Preface: if you POSSIBLY can, visit in the morning or early afternoon, on a weekday. On weekend days, it is not a market. It is a zoo. Now that we’ve covered that…
When you mention Pike Place to Seattle locals, the response is typically the same across the board – “eh, it’s an overrated tourist trap.” And they’re totally right…sort of. Sometimes I forget that I live in a majorly visitable city. To me, it’s just home. Then I go to Pike Place on a Saturday, and I see all of the camera-laden wanderers, moving in front of me at an impossibly glacial pace, mouths agape, and I think – good lord – where did all of these people come from? Lucky for those of us who don’t have to go home after a long weekend, the Market is actually way cooler than the local hipsters would let on. You can find nearly anything you could possibly dream up. Need some fresh pasta? You got it. Locally foraged mushrooms? No problem. Local butchers? There are two. One of those children’s toys filled with beans and shaped like long, shiny snakes? I got one at Pike Place in the 90s, and surprise – they’re still selling!

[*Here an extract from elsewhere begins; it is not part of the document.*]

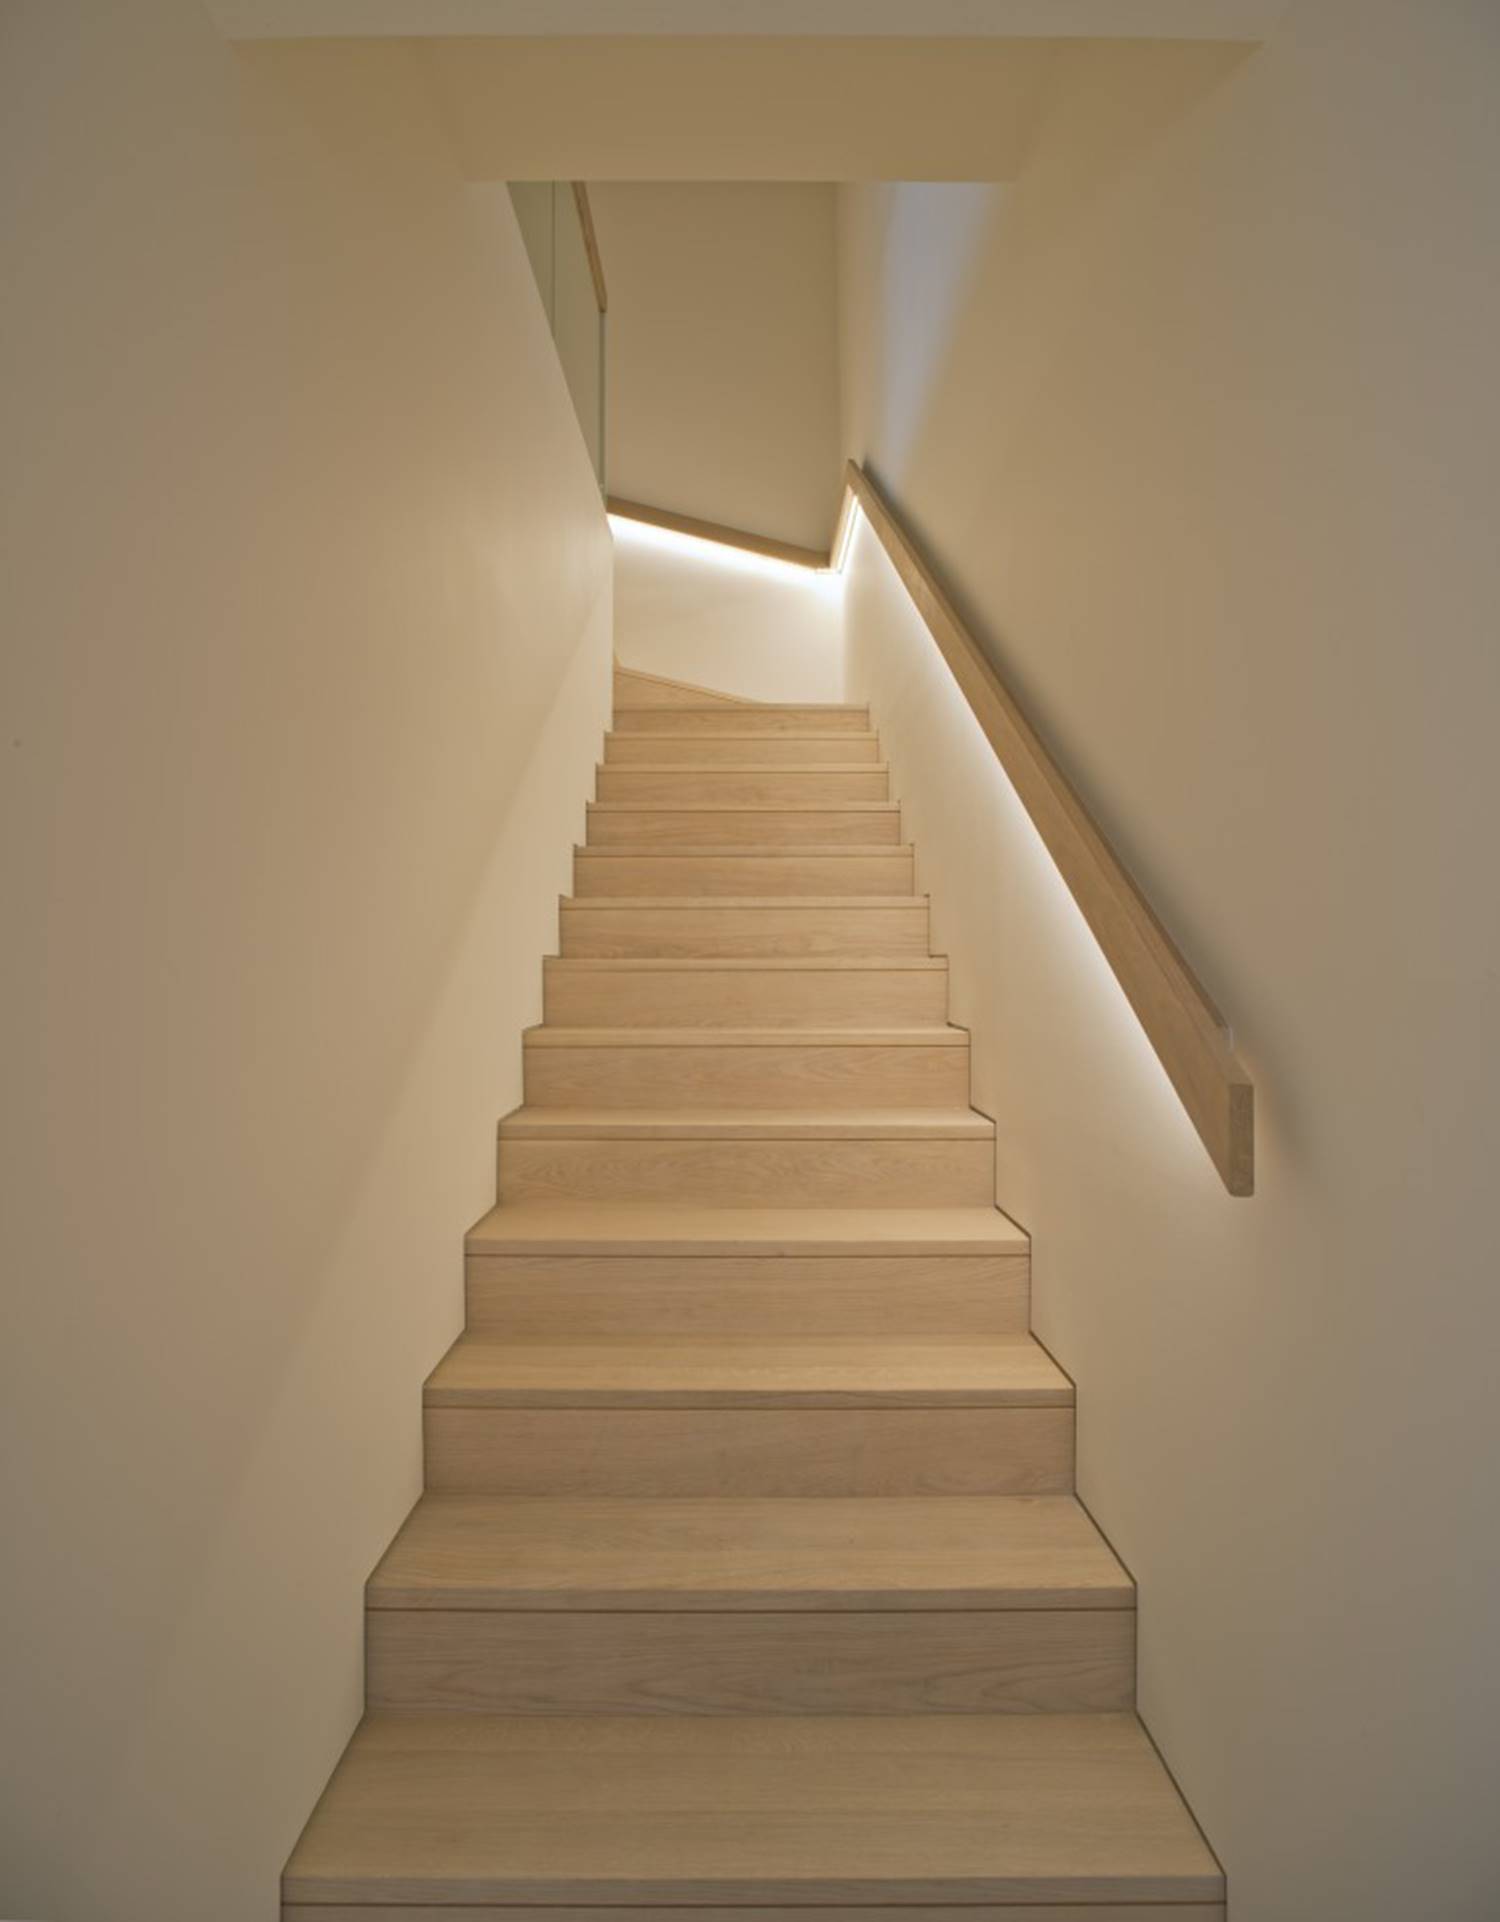 Proyecto de iluminación de una escalera mediante luz indirecta

Aside from what you’d expect of a run-of-the-mill farmer’s market – fresh foodstuffs, flowers, etc. – Pike Place also boasts a sizable newsstand, which sells some of my favourite hard-to-find mags. (Hellllllo, RUSSH!) Meander through the multiple maze-like levels of the market, and you’ll also find a crazy variance of curiosity shops, restaurants, bars, and more. Despite it’s rep, which seems to be generally bad at worst and cliche at best, I still think Pike Place is one of Seattle’s shiniest gems.
For a truly tourist-y experience, you can hop across the street for a liter of Rachel’s Ginger Beer and a Beecher’s grilled cheese, or – god forbid – stand in the 1,000-member line for a crappy cup of coffee at the world’s first Starbucks. For a more local-y vibe: have a boozy beverage and a-maz-ing snack at Zig Zag Cafe, if you can find it. It’s on the back side of the market. I’ve been there repeatedly, and I still get lost trying to find it.
Seriously, guys. Don’t go on the weekend. You’ll just come back and yell at me for lying to you about the Market’s greatness.